**What needs to be done**
Write out the line that holds "Crane Structure png" together with every line that follows it to the end of the material below, exactly. Omit the pictures.

**Source data**
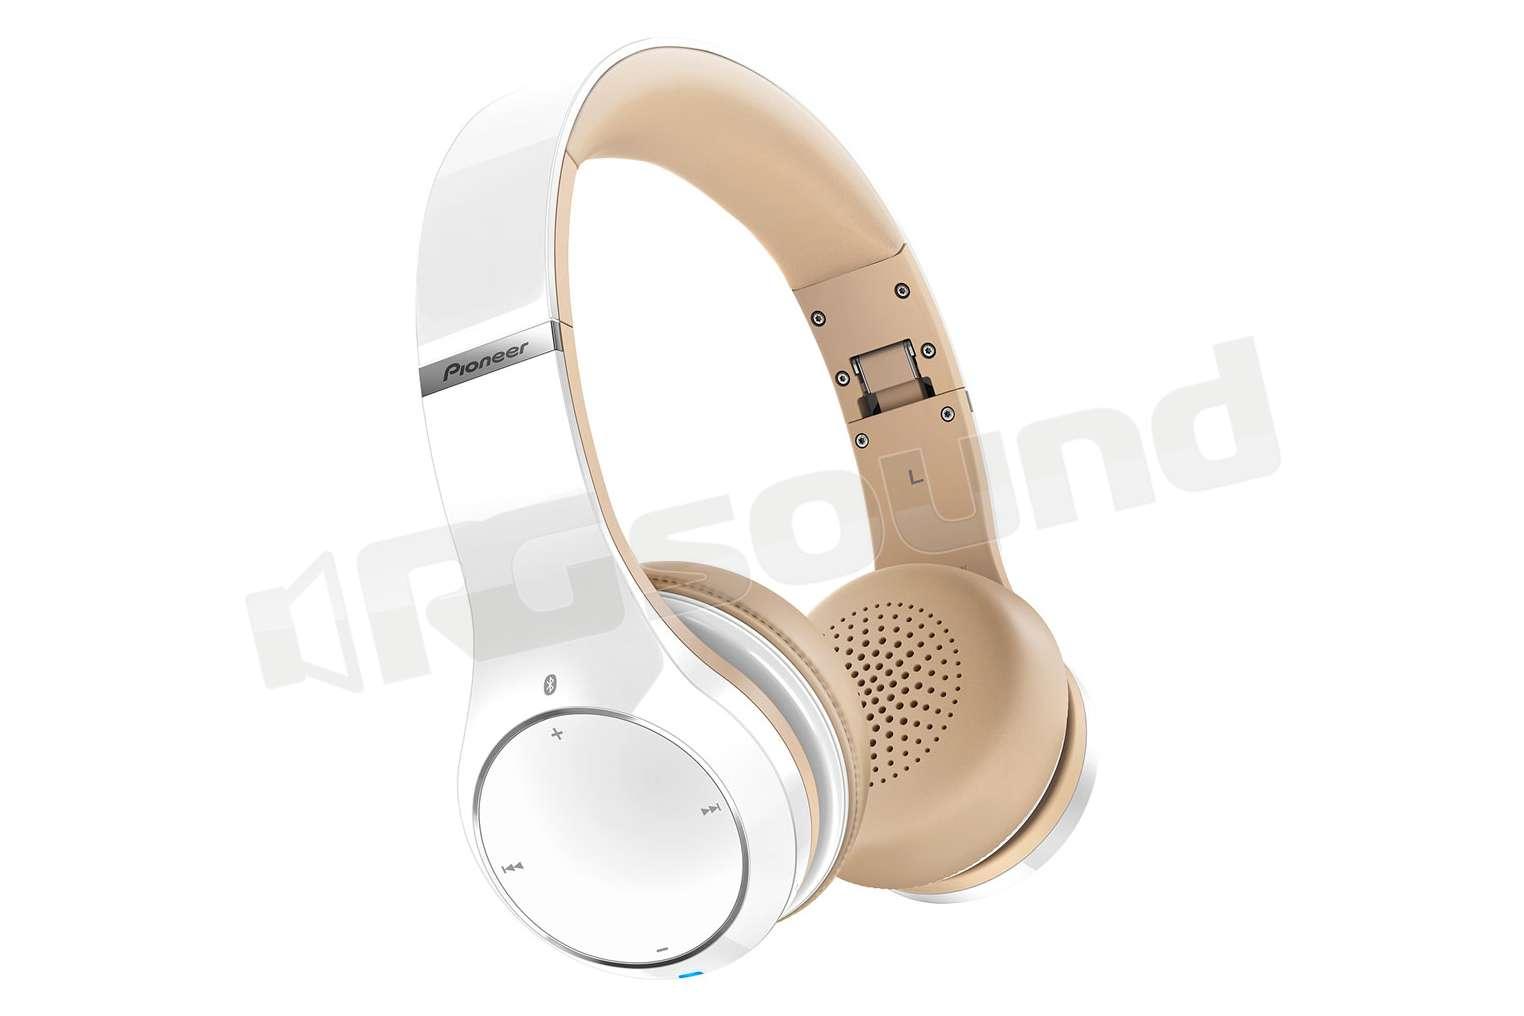 Pioneer SE-MJ771BT-W cuffie Bluetooth NFC finitura bianca e pelle ... a5e6de2530de
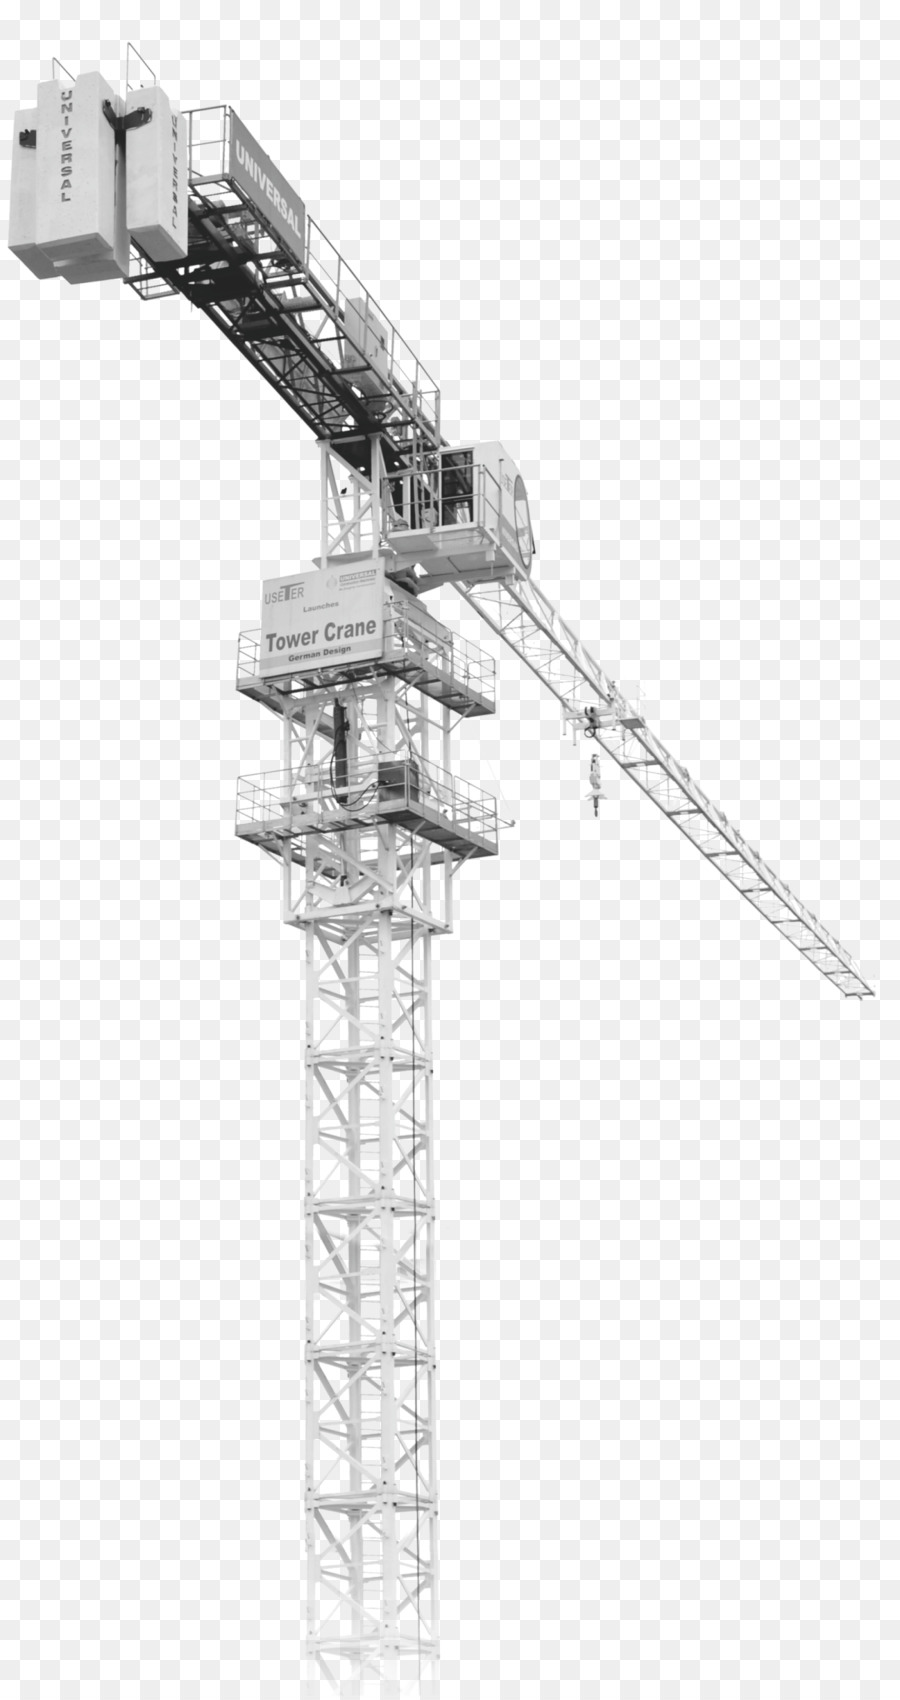 Crane Structure png download - 1193*2249 - Free Transparent Crane
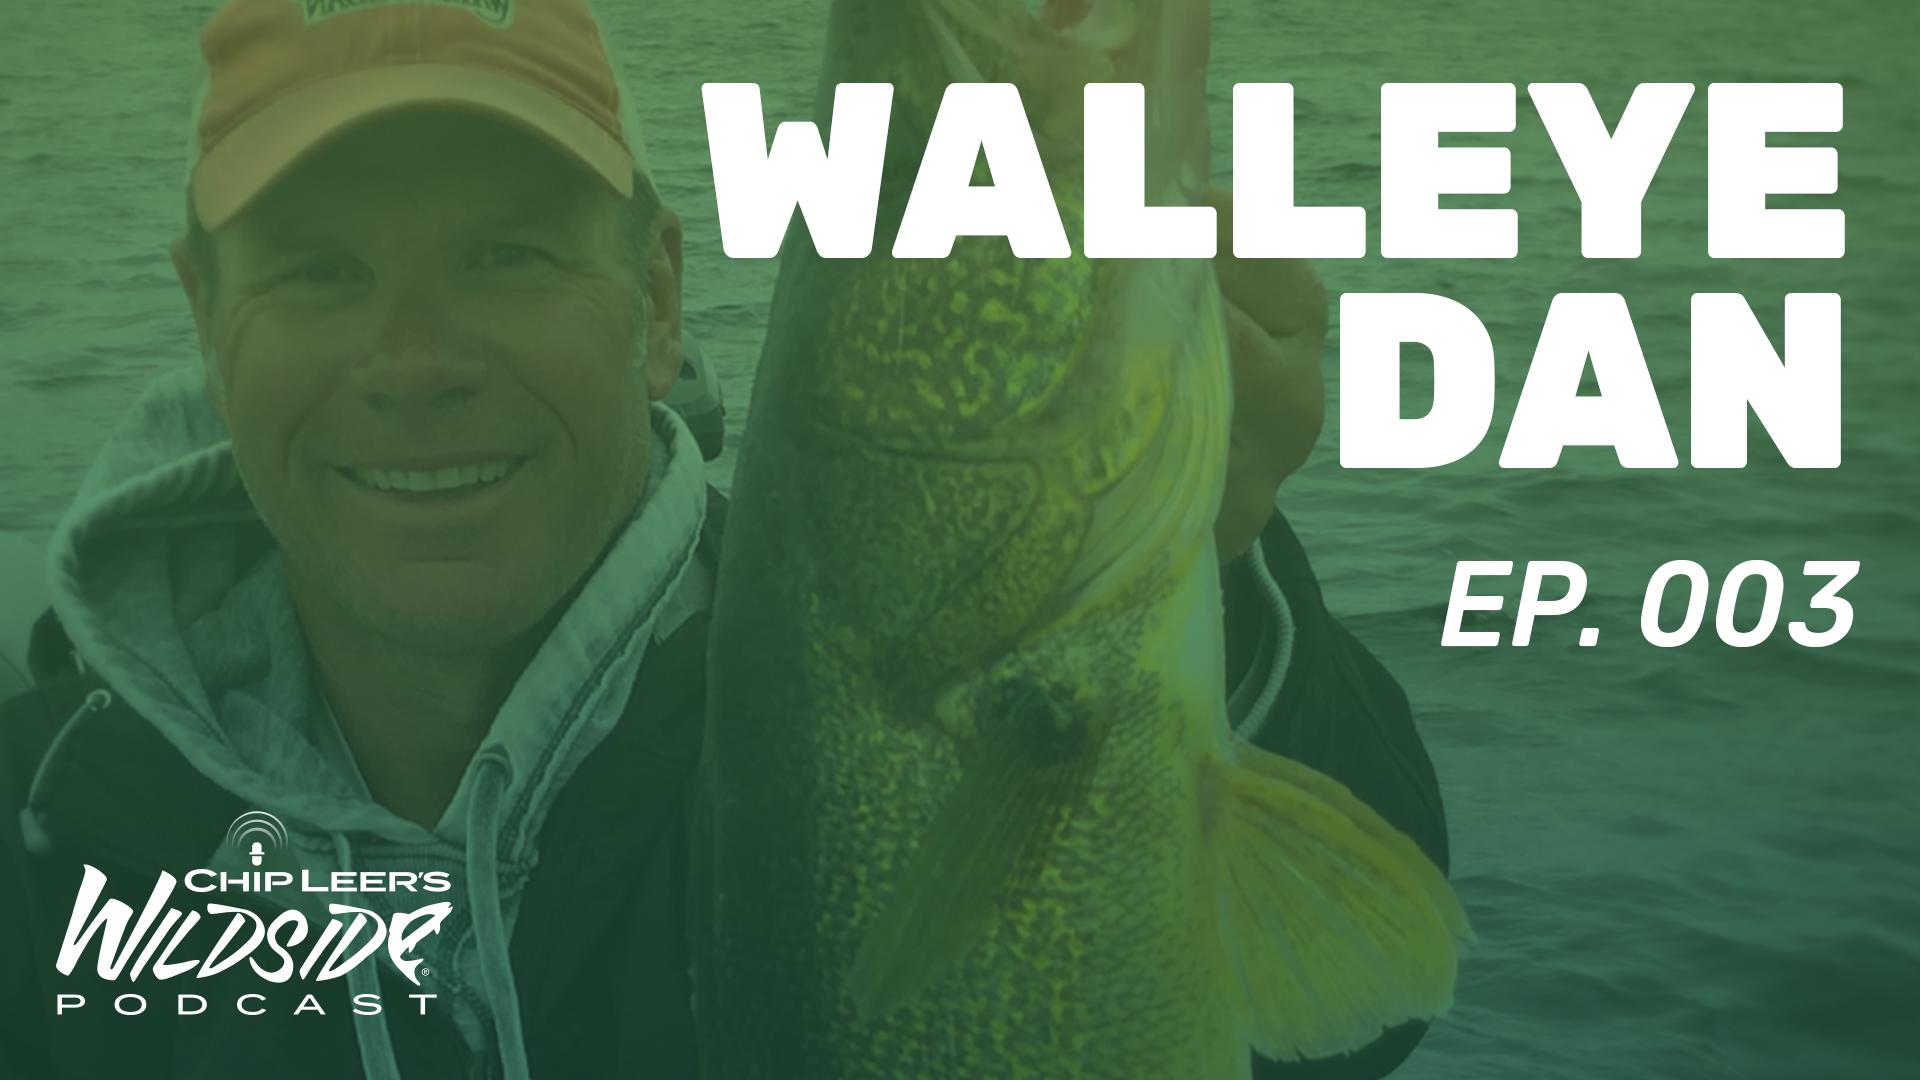 walleye Dan episode 3 podcast cover

**Written response**
 Crane Structure png download - 1193*2249 - Free Transparent Crane
 walleye Dan episode 3 podcast cover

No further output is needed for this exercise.